Mean and median joviality value is presented on the graph to provide additional statistical information on the distribution.
before6 <- ggplot(data = participants_data,
aes(y = joviality,
x= factor(householdSize))) +
geom_violin(color ="grey25",
fill="light blue") +
xlab("Household Size")+
ylab("Joviality")+
theme_ipsum(axis_title_size=12, grid ="Y")+
theme(axis.title.y = element_text(angle=0))+
ggtitle("Joviality index by Household size")
print(before6)
after6 <- ggplot(data = participants_data,
aes(y = joviality,
x= factor(householdSize))) +
geom_violin(width=.75, colour ="lightblue3",
fill = "lightblue3", alpha = 0.6) +
xlab("Household Size")+
ylab("Joviality")+
theme(axis.title.y = element_text(angle=0))+
ggtitle(label = "Distribution of Joviality index by Household size",
subtitle = "The average of happiness index in Ohio is 0.5 among all household size") +
geom_boxplot(width=0.1, color="black", fill="white") +
stat_summary(geom = "point",
fun.y="mean",
colour ="red",
size=2)+
theme(axis.title.y= element_text(angle=0),
panel.background= element_blank(),
axis.line.y = element_line(color= 'grey'),
plot.title = element_text(color="black", size=16, face="bold.italic"),
plot.subtitle = element_text(size=10),
panel.grid.major.y = element_line(size = 0.3,
linetype = 'solid', colour = "grey"),
panel.grid.minor.y = element_line(size = 0.1,
linetype = 'solid', colour = "grey"),
axis.ticks.x = element_blank())
print(after6)
Improvements are made on a few elements:
Boxplot is added on the remade graph to show the detailed distribution of joviality on different household size.

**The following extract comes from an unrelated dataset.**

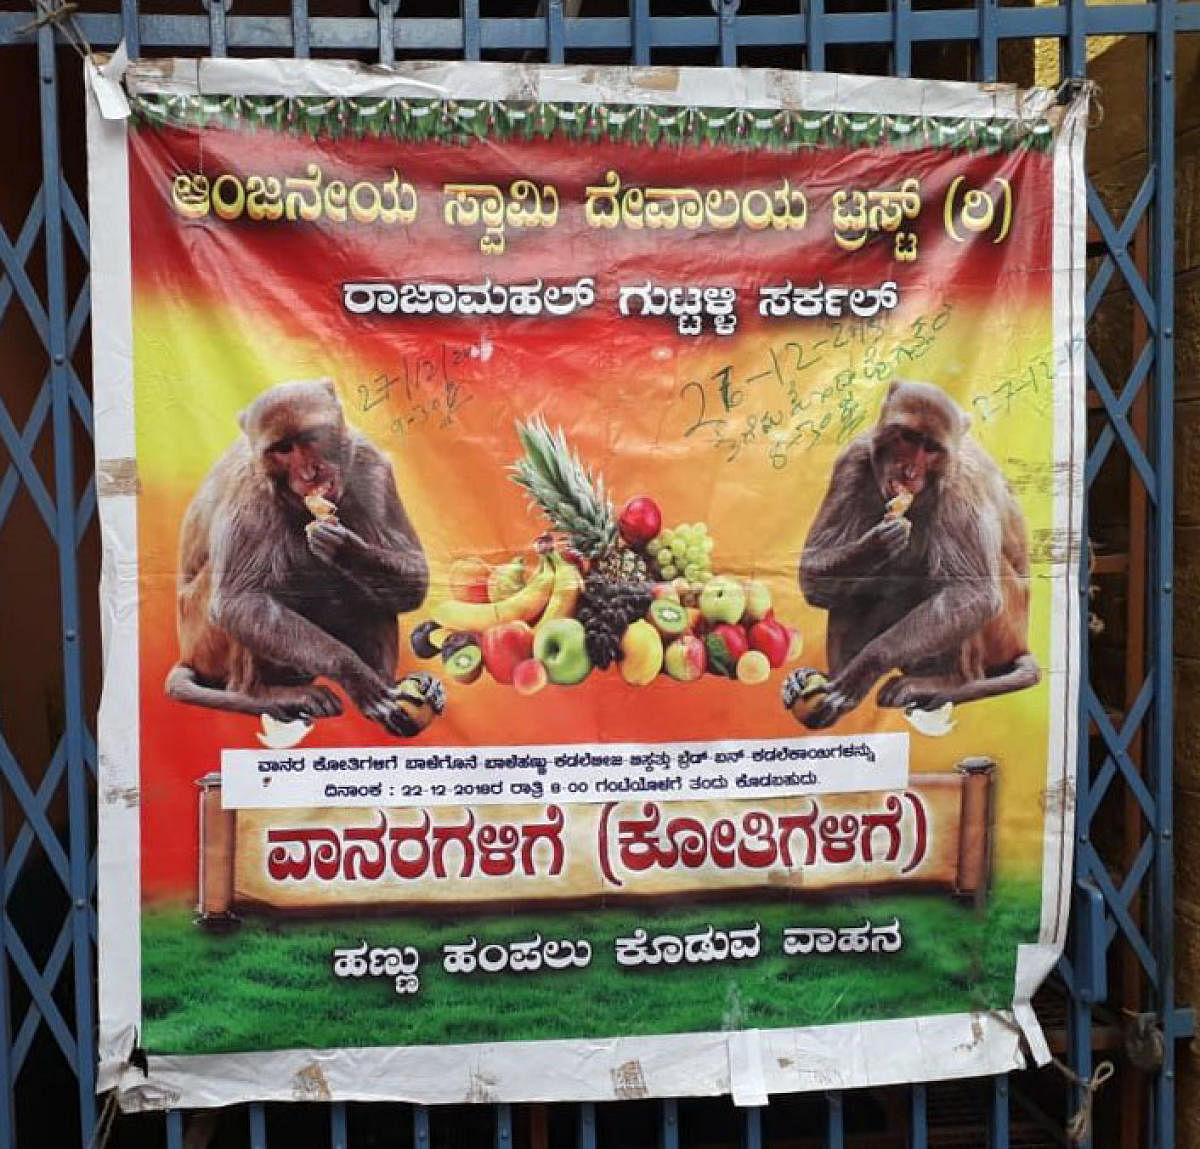 A poster inviting devotees to feed the monkeys displayed at the temple.

The mean value of joviality is marked on the redesigned plot to indicate the differences of joviality index from each household size.
patchwork <- (after1 + after2)/(after3 + after4)/(after5 + after6)
patchwork + plot_annotation(
title = "Demographics of Engagement, Ohio, USA",
subtitle = "The below plots reveal the Demographics of the city",
theme = theme(plot.title = element_text(size = 22, face="bold"),
plot.background = element_rect(fill = NA,
colour = 'black',
size = 1),
plot.margin = margin(2,2,1,1,"cm"))
)
The purpose of this take-home exercise is to learn from peers and improve our expression on plots. This drives me to reflect what I have done on take-home exercise 1 after viewing all visualization design from different perspectives of my classmates.
My key takeaways are:
There is not just a fixed way to plot a graph or design the visualization for our story. It is always good if plots can deliver clear message and have aesthetics there.
It is not limited to just use one graph for the visualization. The design of each type of graph has their own characteristics and specific scenarios to use, but sometimes it is not enough to provide the information on single chart. Adding or combining properly other type of graphs in one data visualization could definitely help readers to get your points in short time.